In the interferometer pictured below, the light from a (nearly) monochromatic source is split into two beams which recombine to form a visible pattern of areas of constructive and destructive interference; i.e. bright and dark fringes. When the effective length of one of the optical paths is changed by some means, then any given point on the interference pattern shifts from light to dark or vice-versa for each half-wavelength of path length change.

The experiment starts with careful alignment of the interferometer ¹. BE VERY CAREFUL WITH THE EQUIPMENT AS IT IS DELICATE AND EXPENSIVE! Never touch the mirror surfaces or bump, or drop any part of the apparatus.

A brief summary of the procedure is as follows:

• Set the laser, interferometer and screen on your bench. Loosen the beam-splitter and swing it out of the laser path. Adjust the movable mirror, M2, so that the laser is reflected back toward the aperture of the laser.
• Swing the beam-splitter back into the laser beam and adjust to a rough 45 degree angle. Observe the two laser spots on the screen and carefully adjust the beam-splitter so that the spots overlap.
• Add the f=18cm lens to your system and adjust until you observe interference fringes on the screen.

Whenever the laser is turned on, NEVER look directly into the beam or its reflection!

1. Adjust micrometer knob so the lever arm is approximately parallel with the edge of the interferometer base. Then turn the micrometer knob one full turn counterclockwise. Continue turning counterclockwise until the zero on the knob is aligned with the index mark.
2. Make a reference mark on the paper between two of the fringes.
3. Rotate micrometer knob slowly counterclockwise. Count the fringes as they pass your reference mark. Continue until 25 to 40 fringes have passed your reference mark. As you finish your count, the fringes should be in the same position with respect to your reference mark as they were when your started the count.
4. Record \(d_{m}\), the distance that the movable mirror moved toward the beam-splitter as you turned the micrometer knob. Each division on the micrometer knob corresponds to 1 μm of mirror movement.
5. If the number of fringes that crossed your reference mark is \(m\) , the wavelength of the laser light is given by:

$$ \lambda=\frac{2d_{m}}{m} $$

Derive the above equation and calculate λ and compare to the specified value of 632.8 nm.

In this part of the experiment you are aiming to carefully control the vacuum within the air cell that you should place in the beam path in between the fixed mirror and the beam splitter. You can achieve a slow control of pressure in one of two ways.

1. Evacuate the air cell with the small hand-operated vacuum pump provided.
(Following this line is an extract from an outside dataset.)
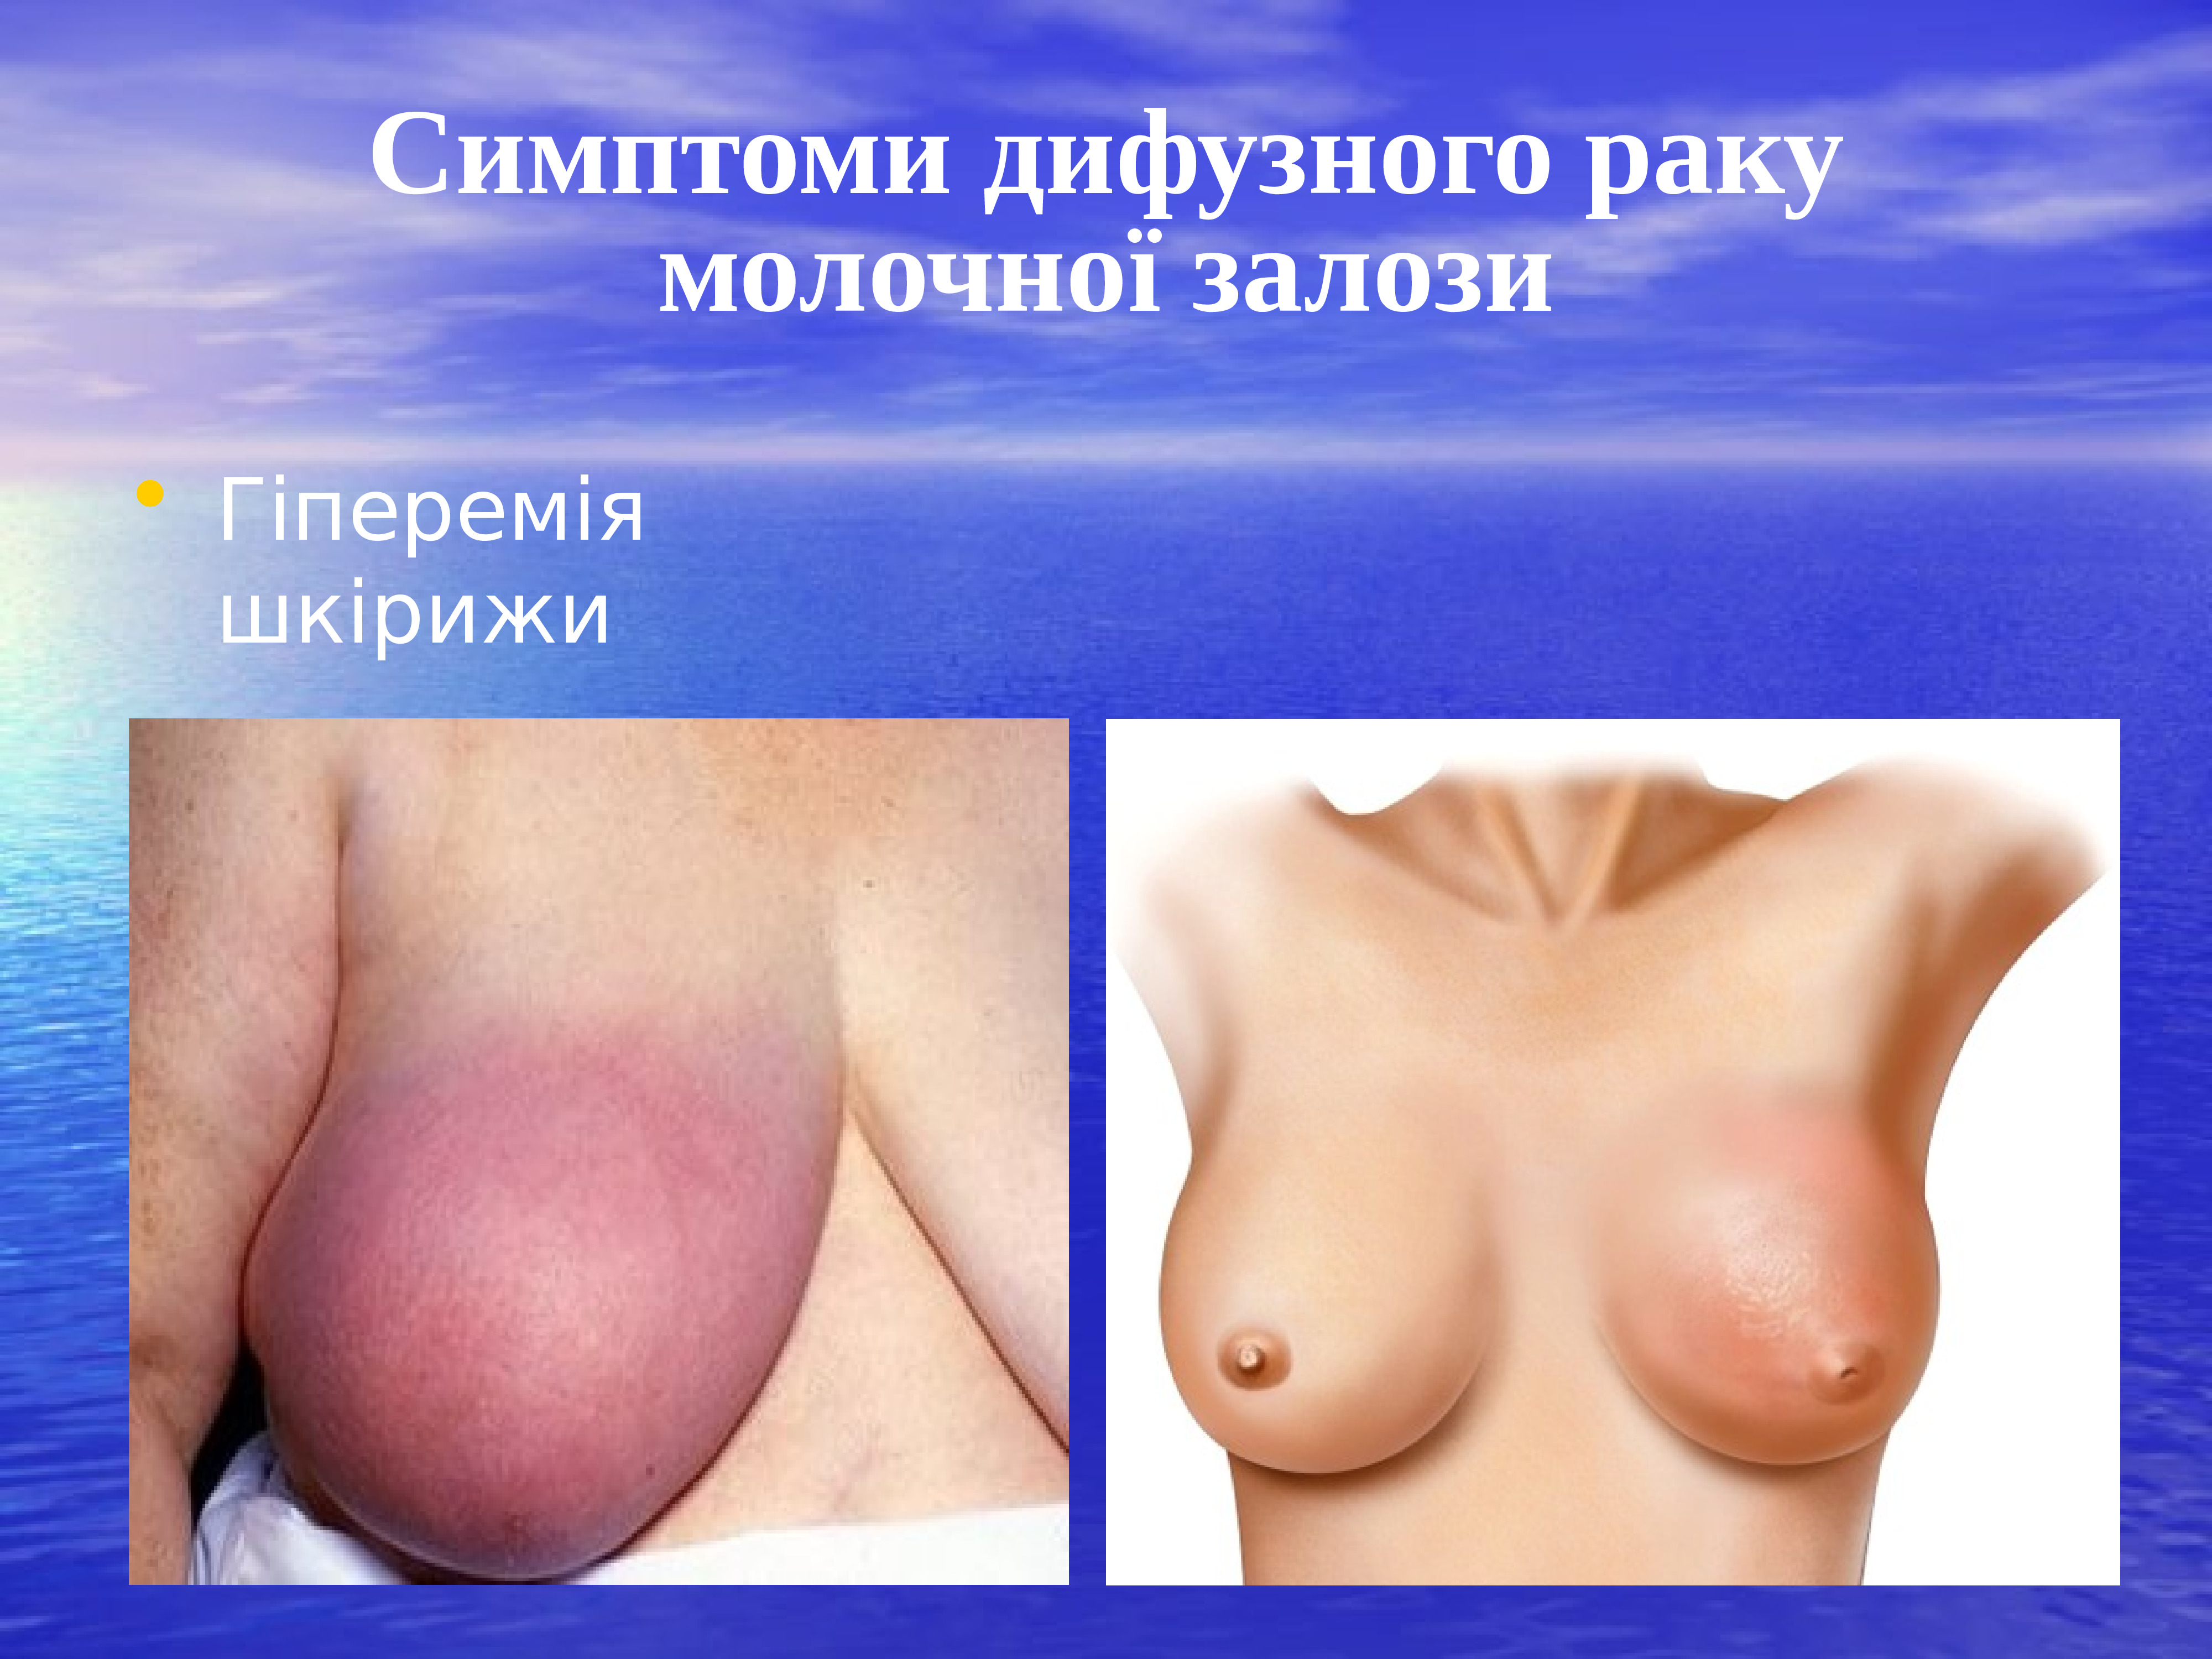 первые признаки рака груди у женщин фото 24

When the best partial vacuum is attained, stop pumping and you will find that air slowly leaks back into the cell. As the cell pressure rises, the fringe pattern will shift.
2. Alternatively you can very slowly use the pump and track the pressure as you increase the vacuum.

In either approach the key is to pay careful attention to the movement of fringes so you need to make sure not to have the pressure change too quickly while you measure. One partner should count the number of fringe shifts \(m\) as time goes by, and the other should record the pressure as a function of fringe-shift number. The relationship between the pressure change \( \Delta P\) and the number of fringe shifts \(m\) is given by (derive!):

$$ m=(n-1)\frac{2d}{\lambda}\frac{\Delta P}{P_{atm}} $$

where \(\lambda\) is the light wavelength, \(n\)is the index of refraction of air at atmospheric pressure,\( d \) is the length of the air cell, \(P_{atm}\) is the current atmospheric pressure, and \( \Delta P = P_{cell}-P_{initial} \), where \( P_{cell} \) is the air pressure inside the cell at the \(m\)th fringe shift, and \( P_{initial} \) is the initial cell pressure. In the derivation of this expression one may assume that n depends on P as \( (n-1) \propto P \).

Plot \(m\) versus \( \Delta P \) on a graph and draw the best straight line through your data points. From the slope of this line and a knowledge of d, \( \lambda \) and \( P_{atm}\) determine \( n \). Estimate the experimental uncertainty on your measurements (by error propagation of various error sources) and compare to the literature value.